É difícil avaliar as consequências práticas de teorias políticas. No entanto, não é irracional sugerir que a Nova Esquerda, ao atribuir atuação para aqueles que não a possuem (a classe e a sociedade), tenha sido conivente com a remoção da responsabilidade daqueles que efetivamente a têm — o Estado e o partido. O mundo do comunismo é um mundo de domínio impessoal, onde todo poder reside num partido que nunca pode responder por suas ações. Este estado de coisas não é um correlato acidental de uma filosofia dominante que encoraja o mito da atuação de classe, e que vê toda instituição moderada, incluindo a própria lei, como um crime elaborado.

É precisamente ao situar a ação em entidades que não respondem por nada, que o comunismo criou uma tal ação, e colocou-a na cúpula do poder. Ao identificar-se com uma "classe", o partido apropria-se ao mesmo tempo da ação que sua teoria erroneamente atribui ao proletariado e da irresponsabilidade que verdadeiramente caracteriza toda classe social. Isso, acredito, é a fonte de seu crime. Por sua própria natureza autoconfessa, o Partido Comunista é um agente — mesmo, uma vasta conspiração — cujas decisões coletivas não estão sujeitas à lei, nem respondem a nenhum propósito humano que não o seu próprio.

Esquerda e Direita

Se chegássemos a definir a direita como a força que se inclina da esquerda em direção oposta, então teríamos sucumbido à mais perigosa característica da retórica de esquerda. Poderíamos também estar vendo a política como uma "luta" entre forças opostas ("ou/ou"), equilibrada entre dois objetivos igualmente absolutos e finais. No entanto, os rótulos "esquerda" e "direita" são inevitavelmente forçados, e devemos arriscar uma descrição — ainda que parcial e breve — da atitude da " ala direita", agora mais prontamente disponível. É em referência ao comunismo, creio, que esta perspectiva é mais bem definida. A Nova Direita (se eu puder apropriar-me do rótulo) acredita mais em governo responsável do que em governo impessoal; na autonomia e personalidade das instituições, e no Estado de direito.

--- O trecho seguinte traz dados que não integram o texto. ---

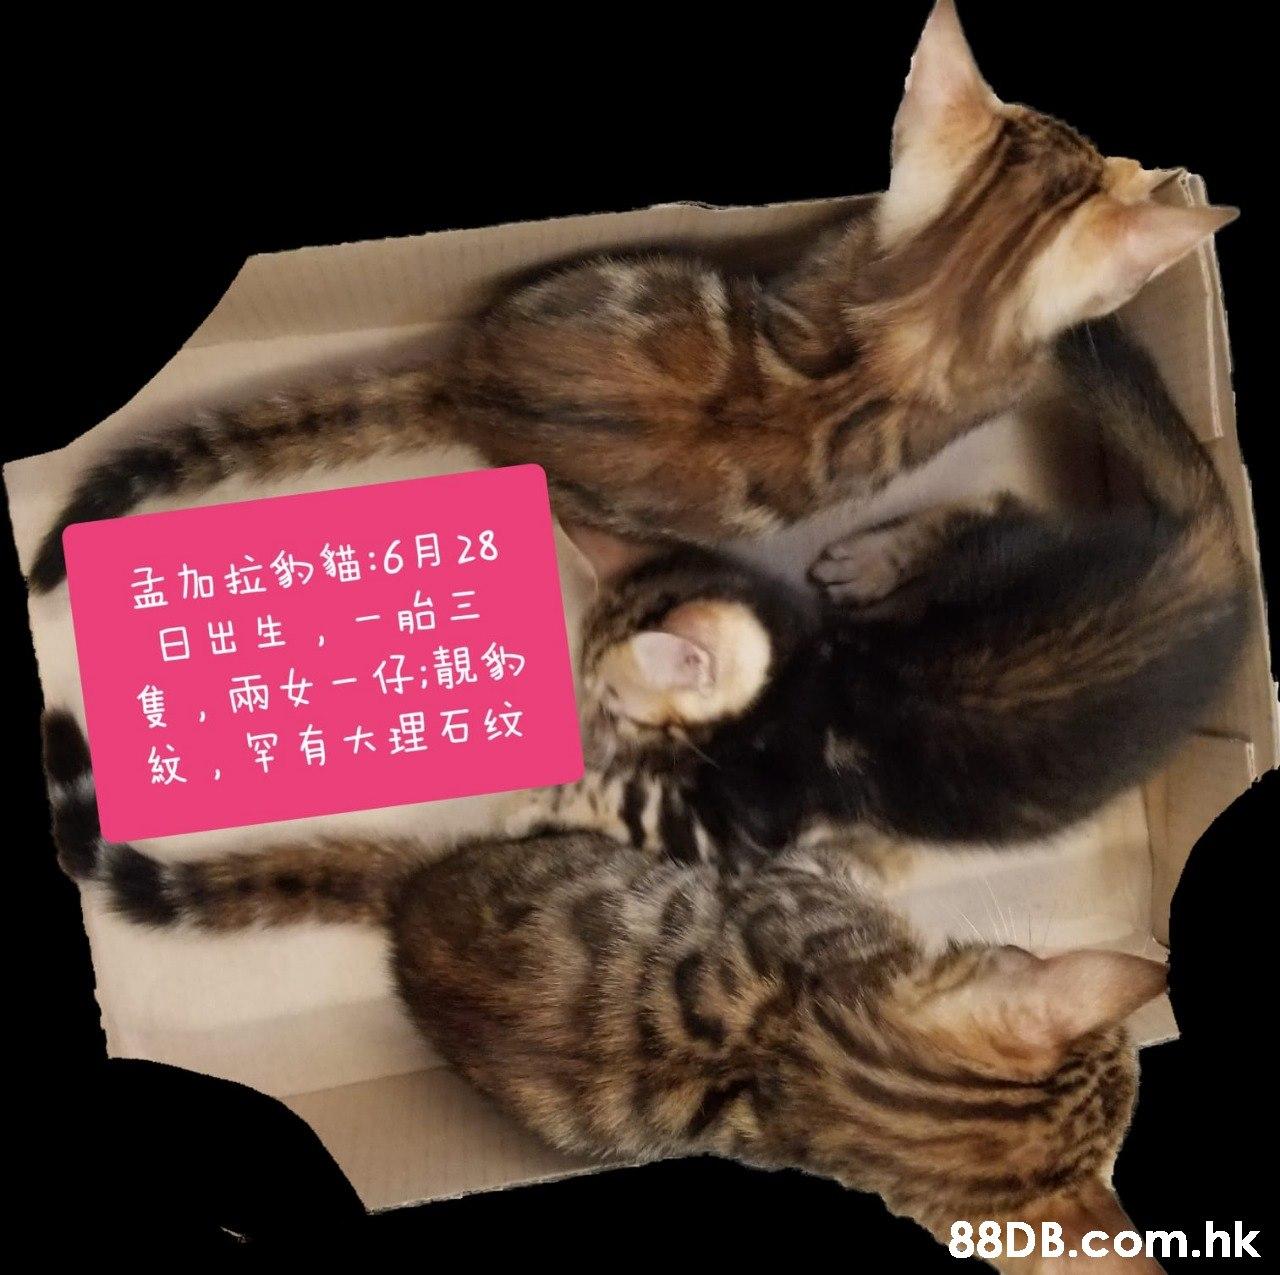 孟加拉豹貓:6月28 日出生,一胎三 隻,兩女-仔;靚動 紋,罕有大理石纹 .hk  Cat,Small to medium-sized cats,Felidae,European shorthair,Tabby cat

Ela reconhece uma distinção entre Estado e sociedade civil, e acredita que o segundo deve advir, em geral, da interação livre de indivíduos contratantes, mediados pelos costumes, a tradição e o respeito por autoridade e pela lei. Poder, para a Nova Direita, é um mal somente quando abusado. Pois o poder surge naturalmente na interação humana, e é meramente a consequência irrepreensível de um acordo cujas virtudes estão por toda parte.

Personalidade Corporativa

Talvez o modo mais simples de indicar a base teórica e o efeito prático desta política da "ala direita " seja através de uma ideia que von Gierke e Maitland disseram ser essencial para o entendimento da política europeia: a ideia de personalidade corporativa.

O Direito Romano, o Genossensrecht da Alemanha medieval, o Direito Inglês de empresas e corporações – todos estes sistemas legais reconhecem que as características dos seres humanos individuais, pelas quais somos levados a louvá-los ou culpá-los, a atribuir-lhes direitos e responsabilidades, a nos opor a eles e a nos aliar a eles, podem ser apresentadas por entidades coletivas. Tais sistemas também reconhecem que a atuação coletiva é um perigo, até que seja posta diante da lei como uma pessoa composta, igual ao indivíduo que ela ameaça oprimir. Uma universidade, uma companhia de comércio, um clube, uma instituição, mesmo o Estado: tudo pode ser dotado de "personalidade legal" e assim tornado responsável diante da lei. (Por isso, a existência de "associações sem personalidade jurídica" é considerada um problema legal.) Uma empresa comercial pode realizar ações que não são creditáveis a quaisquer indivíduos. Ela tem razões para o que faz. Ela pode comportar-se racionalmente e irracionalmente em busca de seus objetivos. Ela tem direitos na lei: direitos de propriedade, comércio e ação; direitos de passagem, luz e ar; direitos de usufruto e lucro. Ela também tem deveres e responsabilidades: deveres de acordo com a lei do contrato, delito e crime. A fábrica que polui um rio pode, então, ser compelida a indenizar aqueles que sofreram. Ela pode ser acusada por um crime e multada ao ponto de falir. (Não deveríamos nos surpreender, portanto, que problemas de poluição ambiental sejam muito piores no mundo pouco produtivo dos governos comunistas do que no mundo superprodutivo da empresa privada.)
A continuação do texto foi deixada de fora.